Ya pero no digo cómo pillar el pelotazo, la pregunta que me hago es si detrás de este revalorizaciones nunca vistas hay algo o que tendrá que haber algo más que la simple especulación, gente poderosa (poderosa de verdad) que le interese que la gente se emociones con estas cosas o _yo que sé_.


----------



## Jebediah (28 Oct 2021)

Naga2x dijo:


> Ojalá tener la bola de cristal, este último año ha sido muy loco (no hace falta irse a cryptos, mira Novavax, de 4$ en enero del 20, a 170 en agosto del 20, a máximos de 300 en febrero del 21).



Ya, qué me vas a contar de NVAX a mí , que pillé 3.000 acciones en 4$ y las vendí a 8$ cuando comenzó a subir---


----------



## orbeo (28 Oct 2021)

bralmu dijo:


> Concretamente entre un 19% y un 23% de los beneficios.

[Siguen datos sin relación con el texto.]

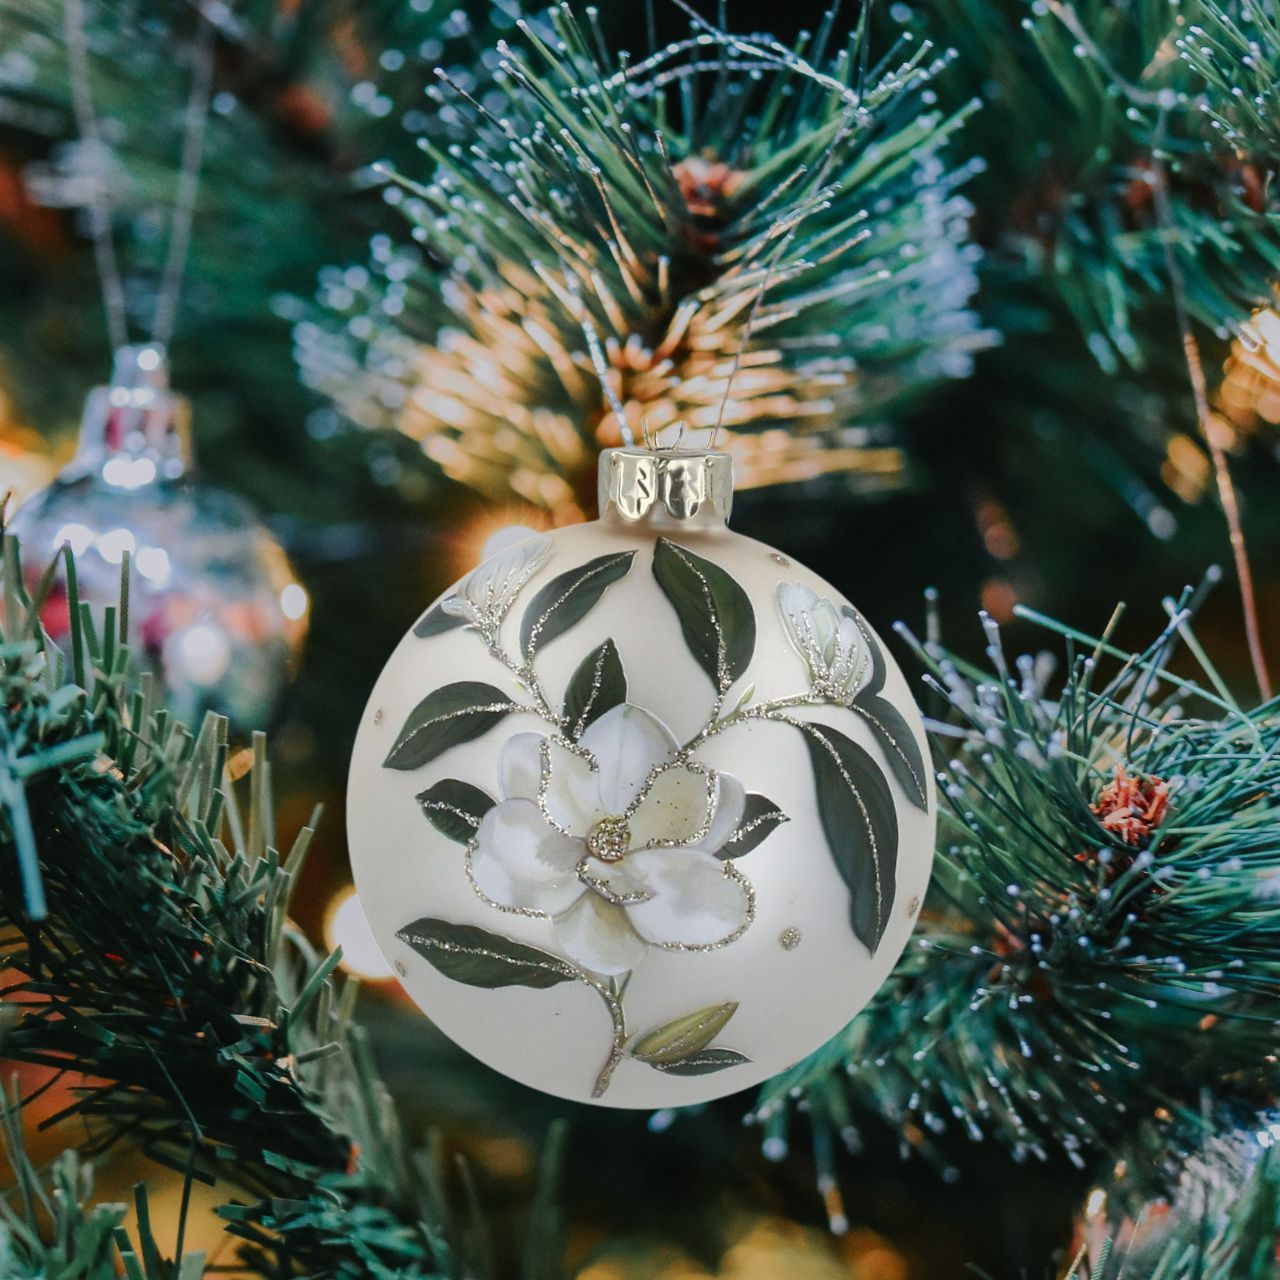 Gisela Graham Matt Cream Magnolia Glass Christmas Bauble  This Gisela Graham Matt Cream Magnolia Glass Christmas Bauble is perfect for decorating your tree this holiday season. Its smooth matt cream finish gives the perfect wintery touch and the intricate magnolia design adds a hint of nature for a truly unique look.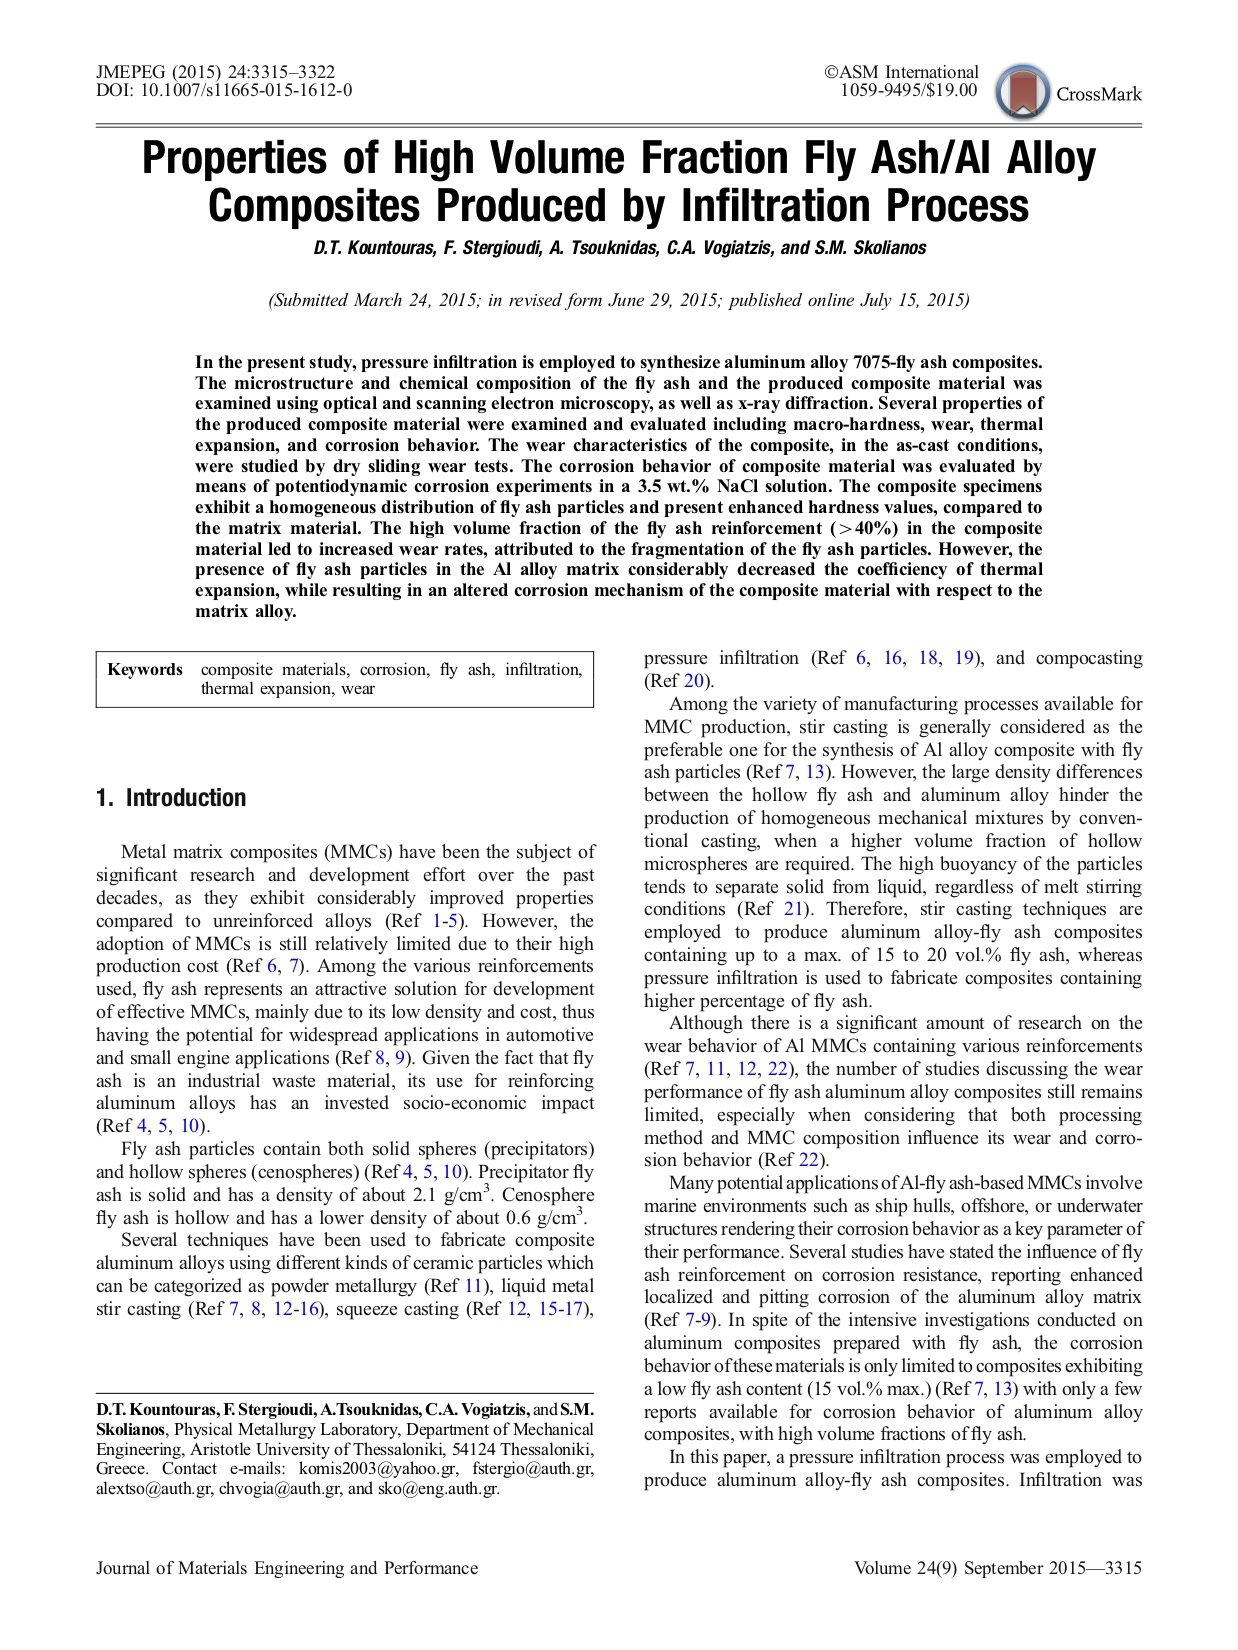 Properties of High Volume Fraction Fly Ash Al Alloy Composites Produced by Infiltration Process_page-0001.jpg

Ahora hay un nuevo y maravilloso tramo al 26% para más de 200.000€


----------



## spala (28 Oct 2021)

Kabuterimon dijo:


> Pero luego ese dinero como se saca, como pasa a ser dinero en curso como el euro o dolares? Siempre he tenido esa duda



igual q compras, vendes en el exchanger, habría que ver que liquidez hay de compras para poder vender muchos millones, lo natural es que si vendes muchisimo muy rápido, tires el precio y acabes vendiendo a precios muy bajos,
aunque la valoración sea de 100 millones al precio actual, no puedes vender al precio actual 100 millones, o 1000 millones,
tendrás q venderlo escalonado poco a poco y tirando el precio con calma, o lo tiras de golpe y en vez de 100 pues sacas 30 millones, que buenos son,

y si vas vendiendo de a poco, logras que se rellene el temas con más liquidez a medida q lo vas bajando y no tiras tanto el precio, es absurdo vender muchos millones en un plis, desplomas el precio y obtienes mucho menos de lo que podrías.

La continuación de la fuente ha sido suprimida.